» Task prompt
Your answer should consist solely of the lines from the one holding "Tivoli Л-2 цвет" through the final line of the entries, reproduced exactly and without pictures.

◆ ◆ ◆

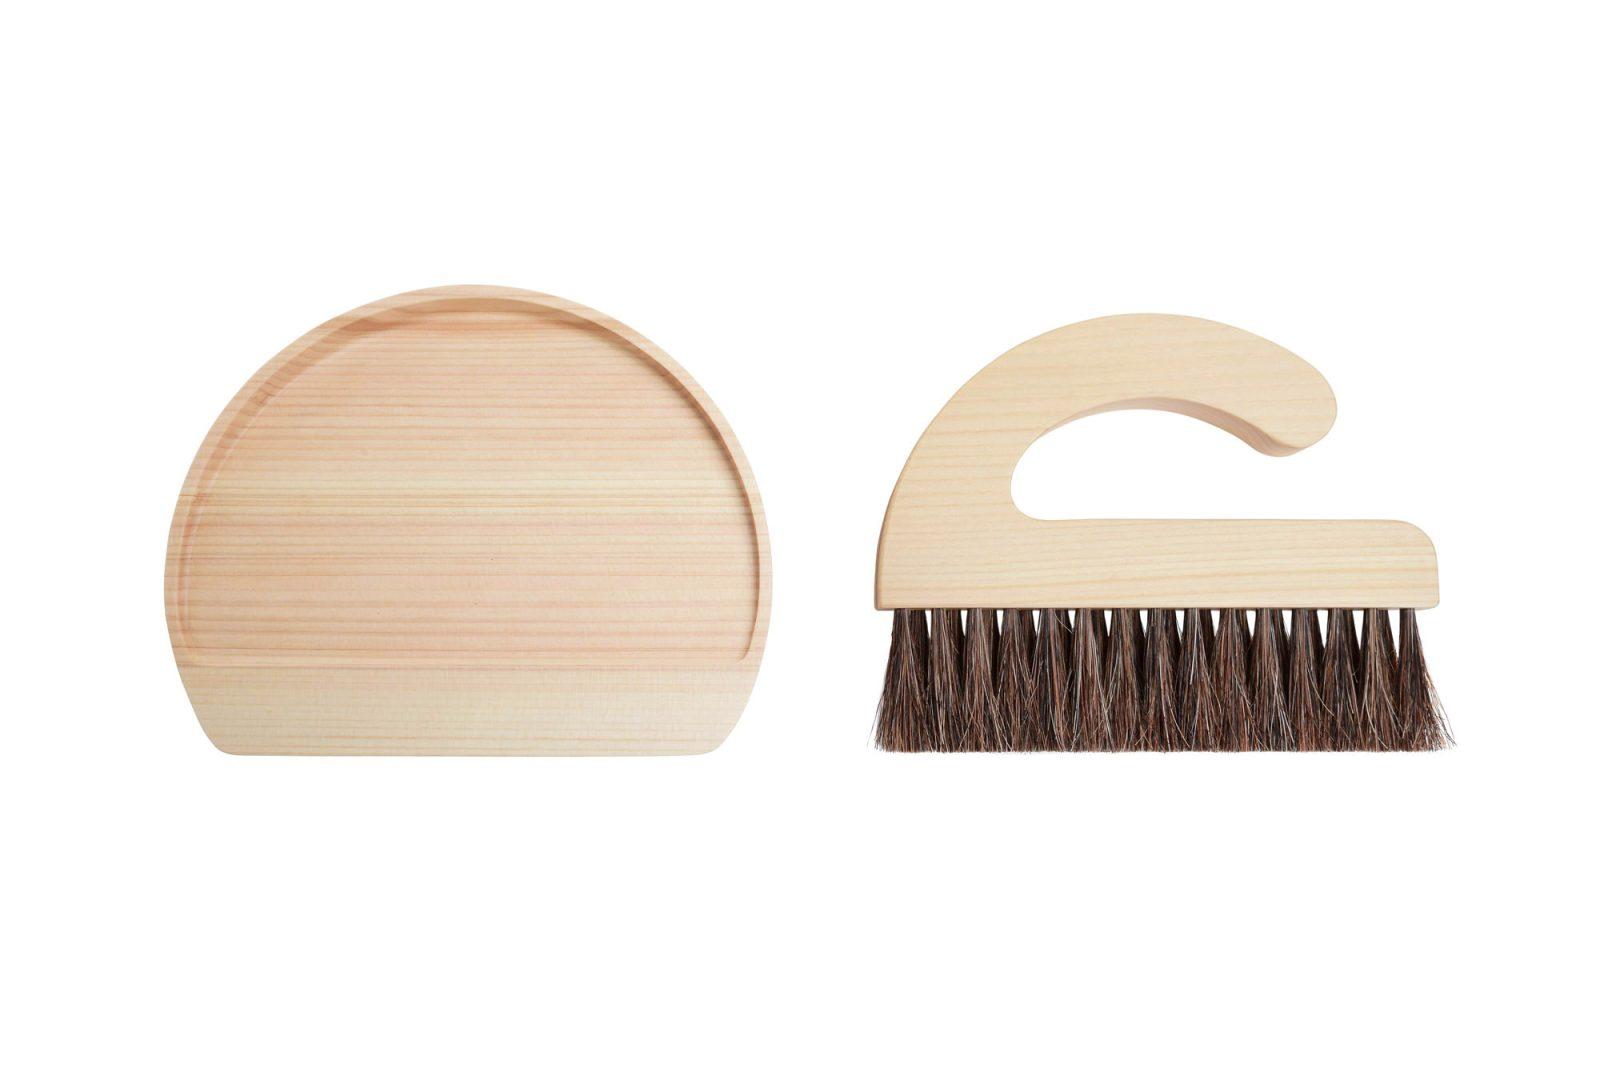 Asahineko Table Broom & Dust Pan by Makoto Koizumi-32833
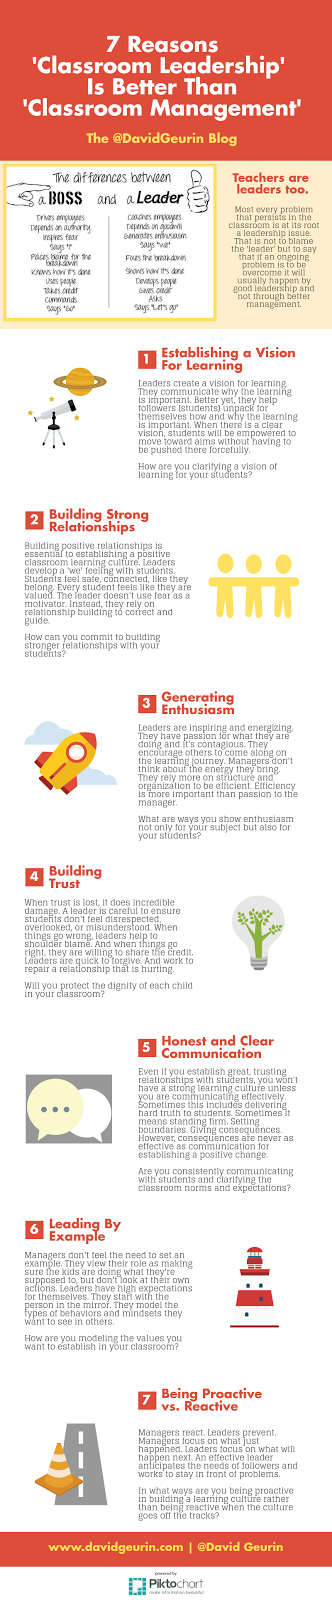 The @DavidGeurin Blog: 7 Reasons 'Classroom Leadership' Is Better
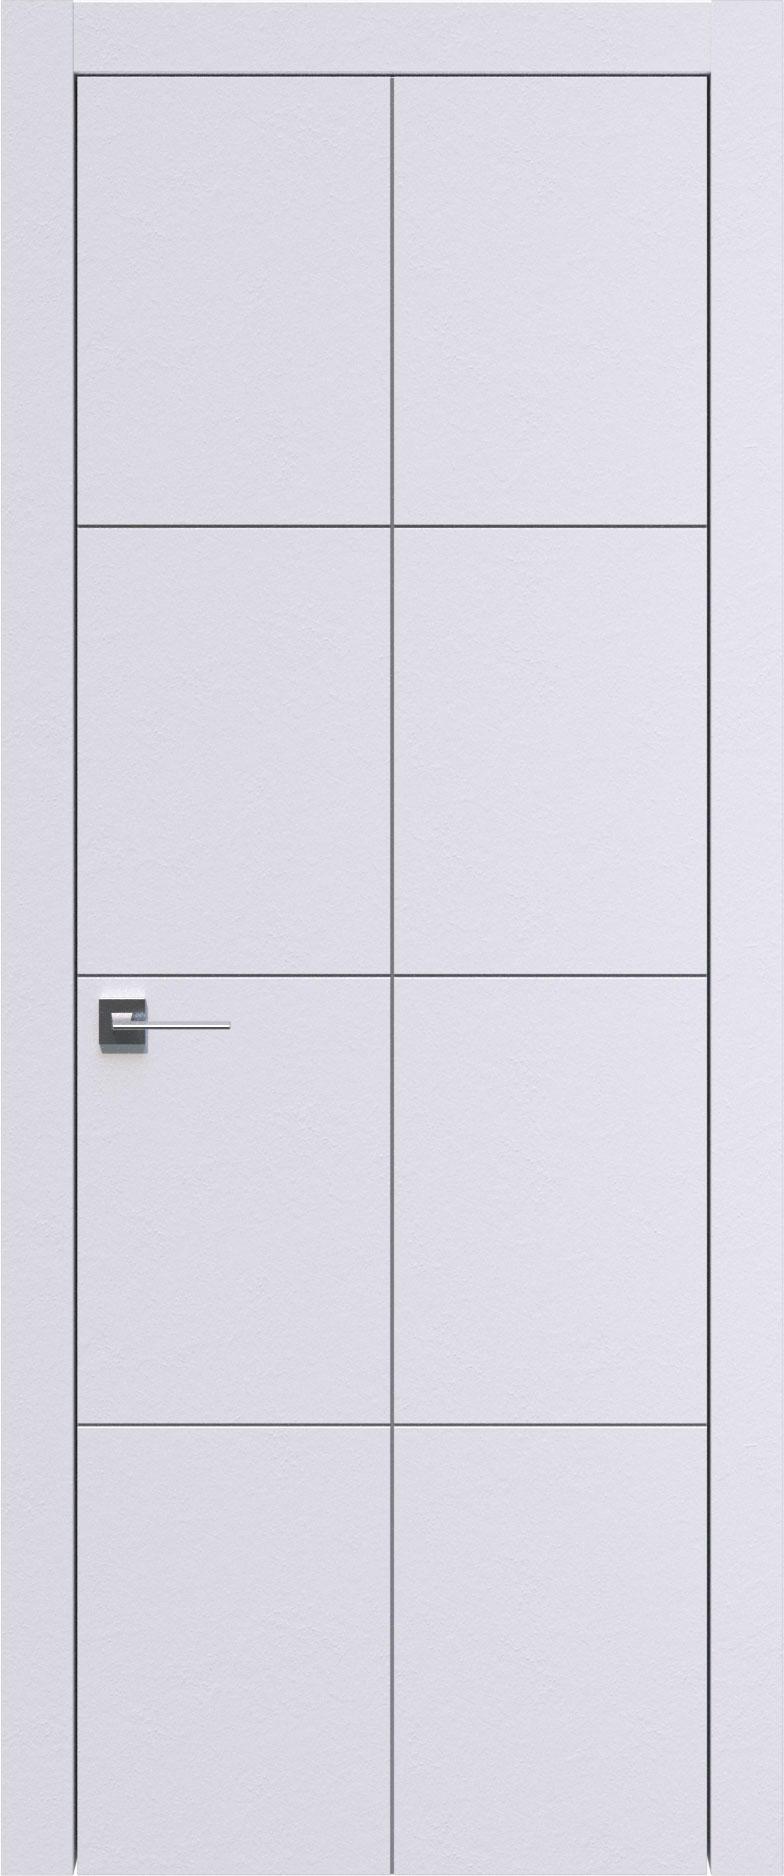 Tivoli Л-2 цвет - Арктик белый Без стекла (ДГ)
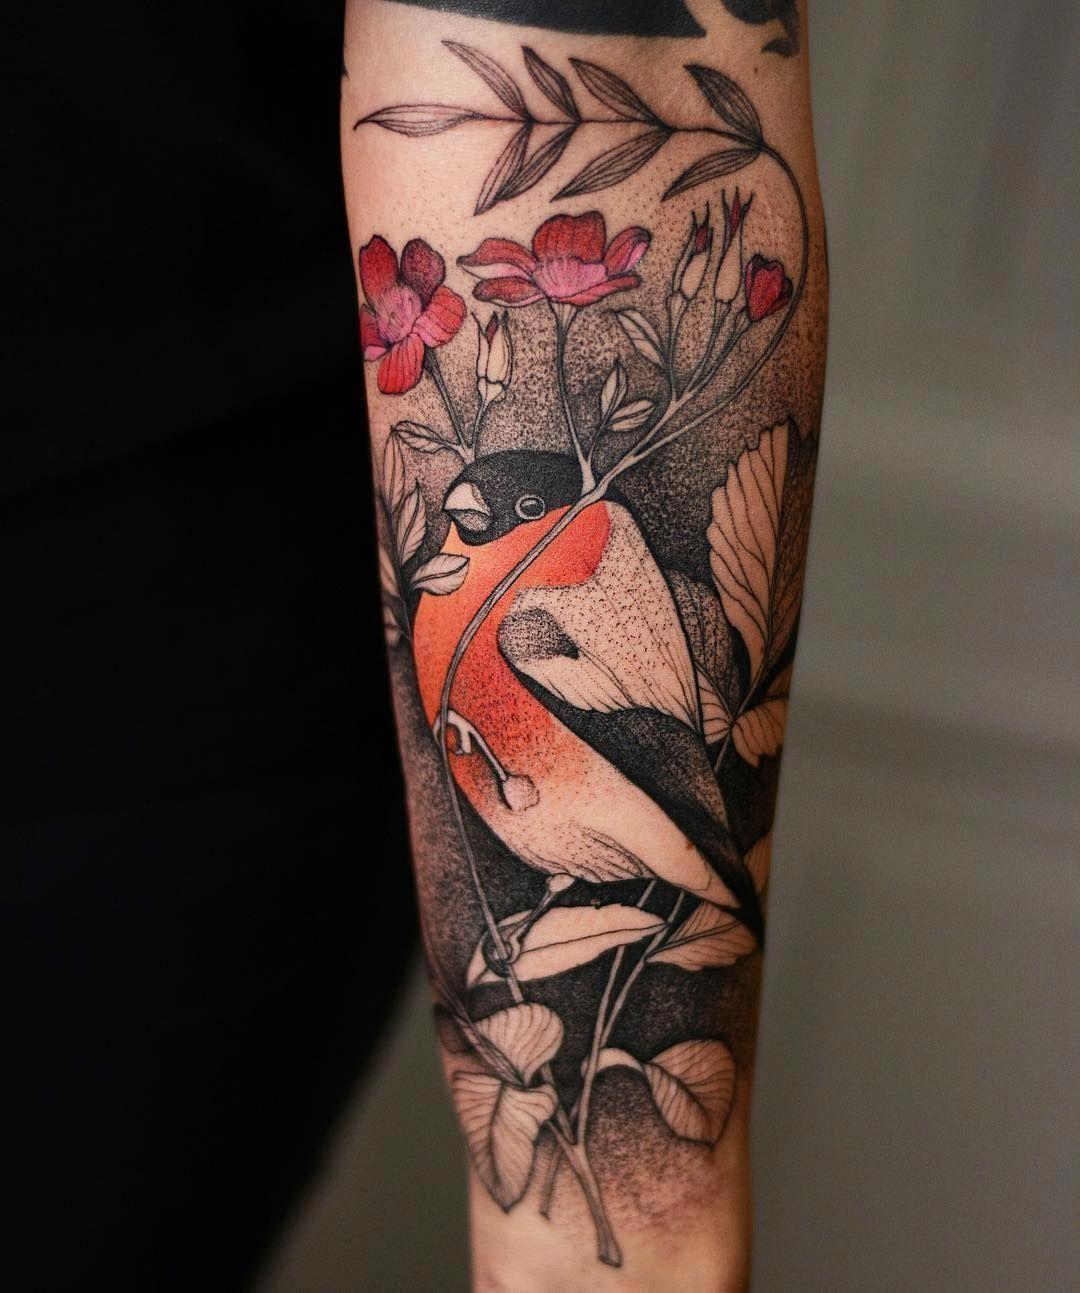 Easy Half Sleeve Tattoos In 2020 Fairy Tattoo Half Sleeve Tattoo Tattoo Shading
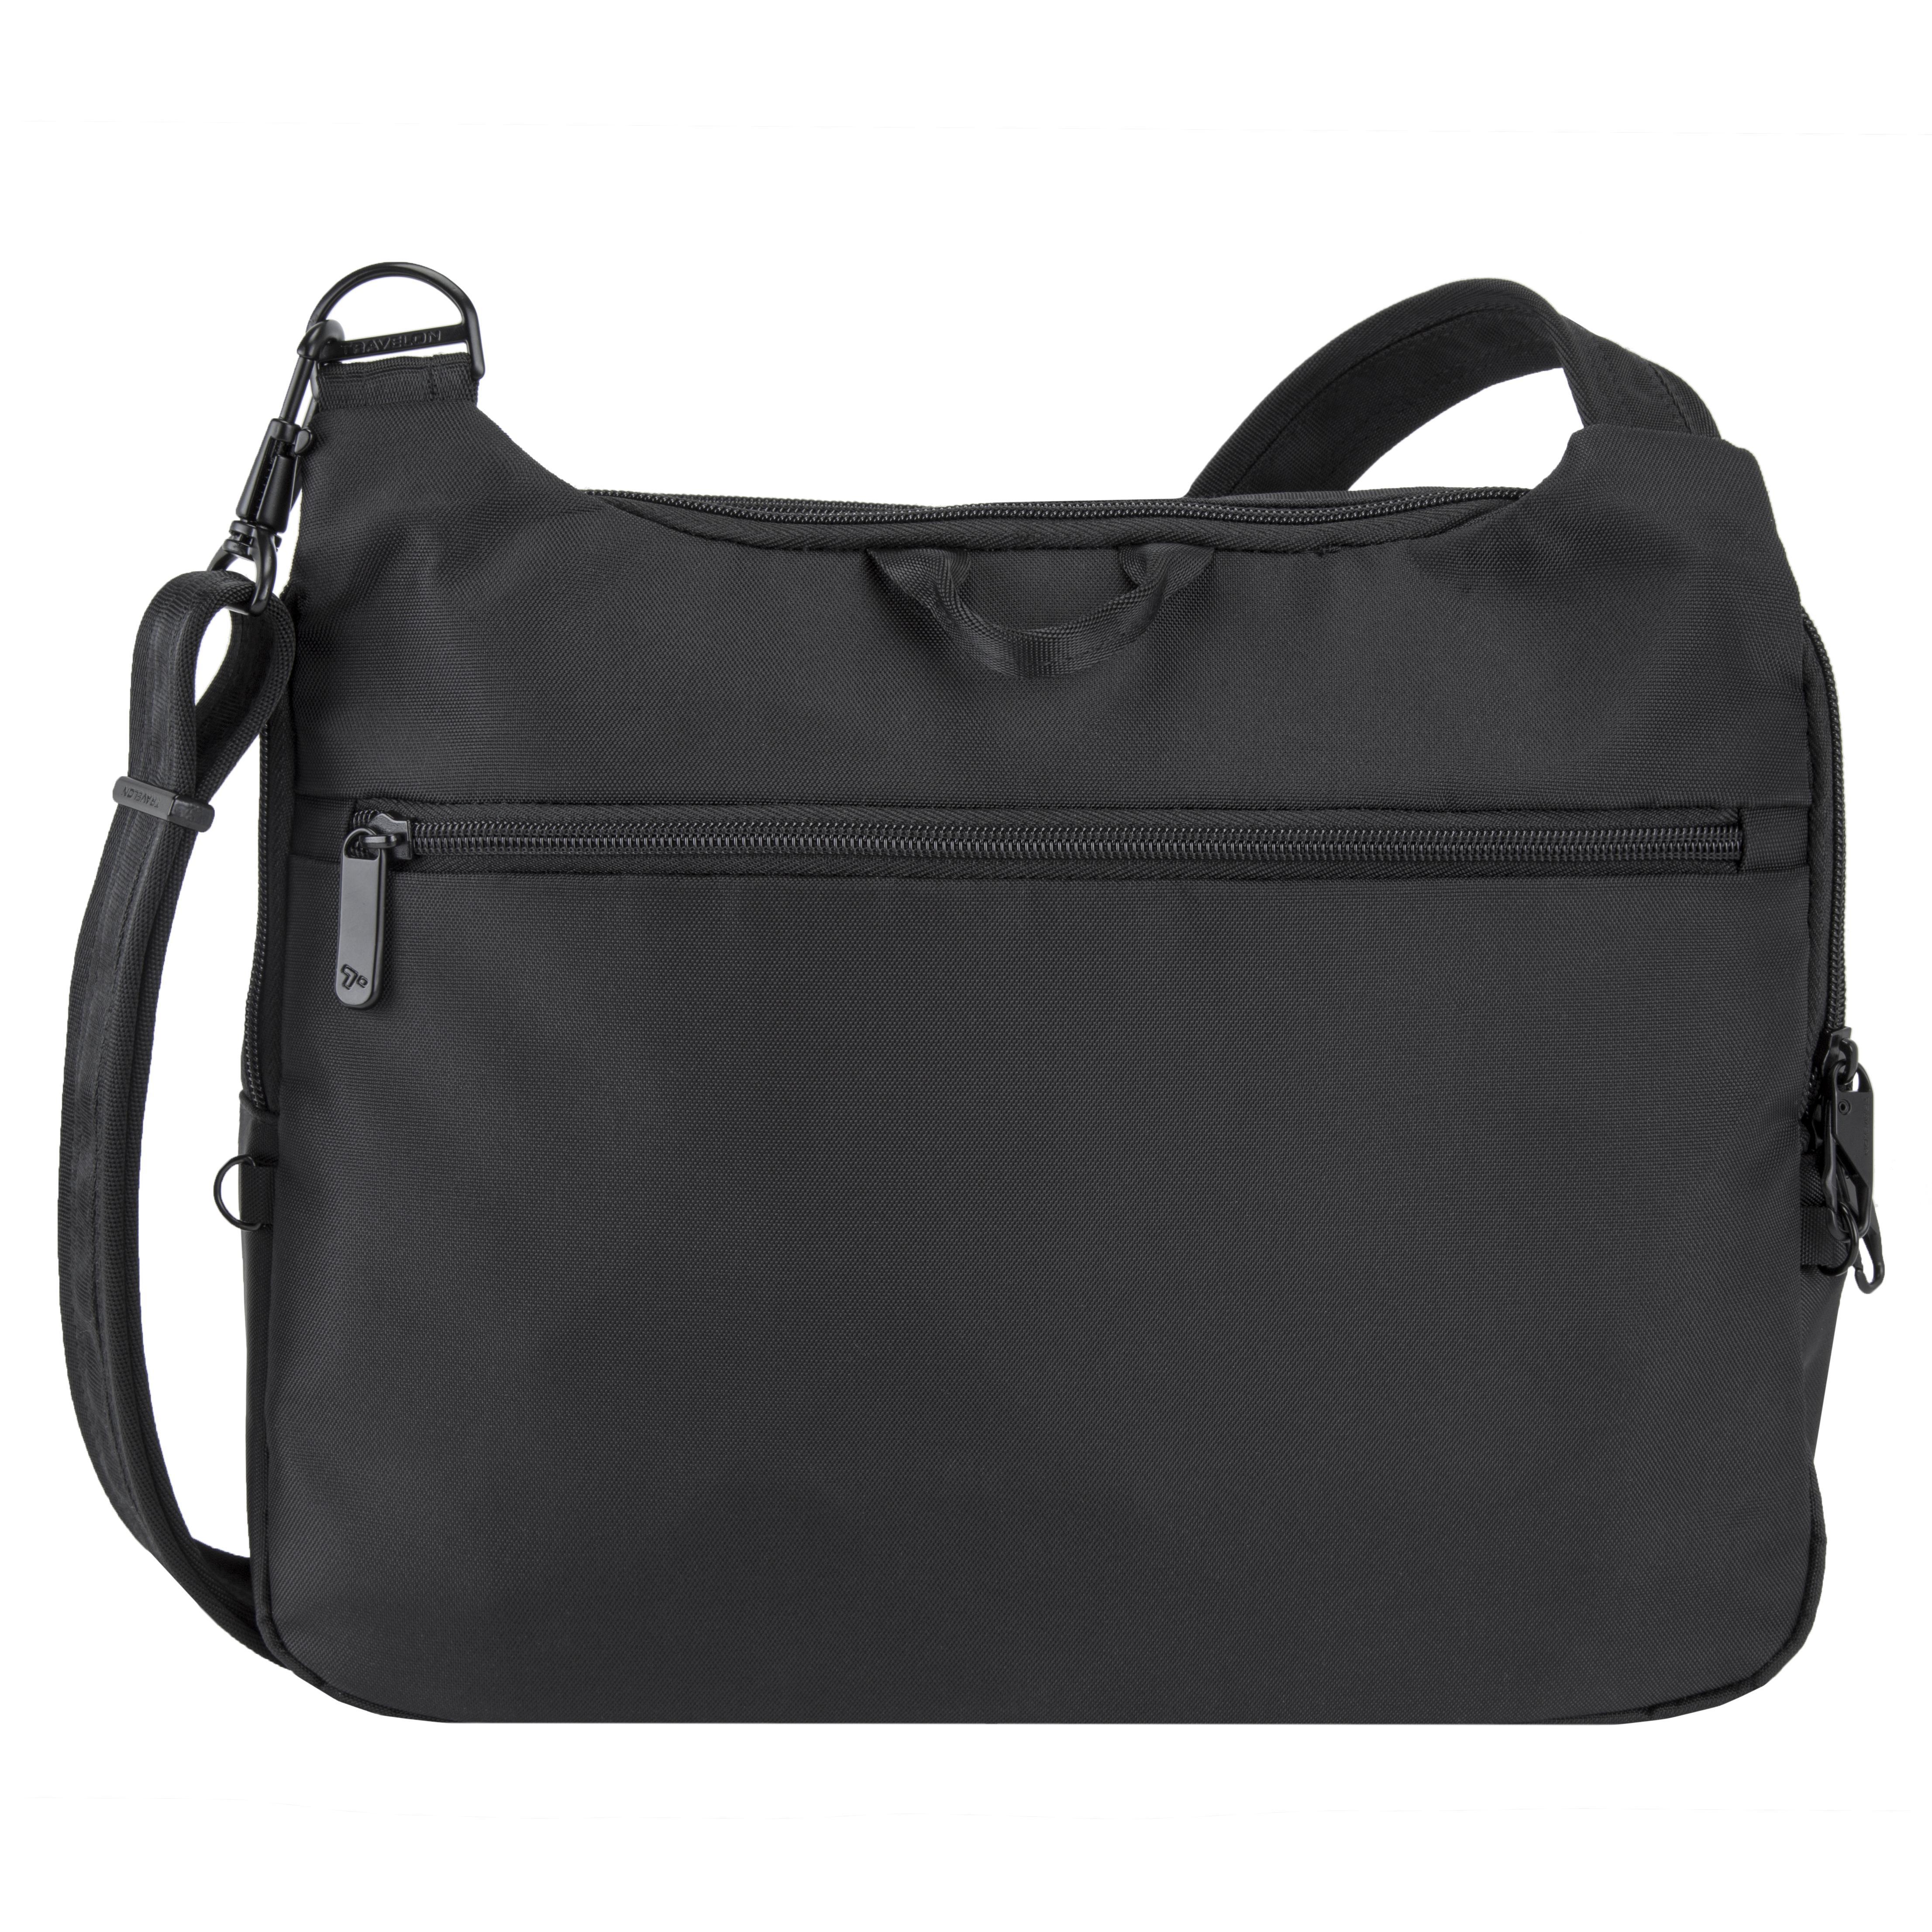 New-Travelon-Men-039-s-Anti-Theft-Urban-E-W-Tablet-Messenger-Bag thumbnail 3

◆ ◆ ◆

» Output of the task
 Tivoli Л-2 цвет - Арктик белый Без стекла (ДГ)
 Easy Half Sleeve Tattoos In 2020 Fairy Tattoo Half Sleeve Tattoo Tattoo Shading
 New-Travelon-Men-039-s-Anti-Theft-Urban-E-W-Tablet-Messenger-Bag thumbnail 3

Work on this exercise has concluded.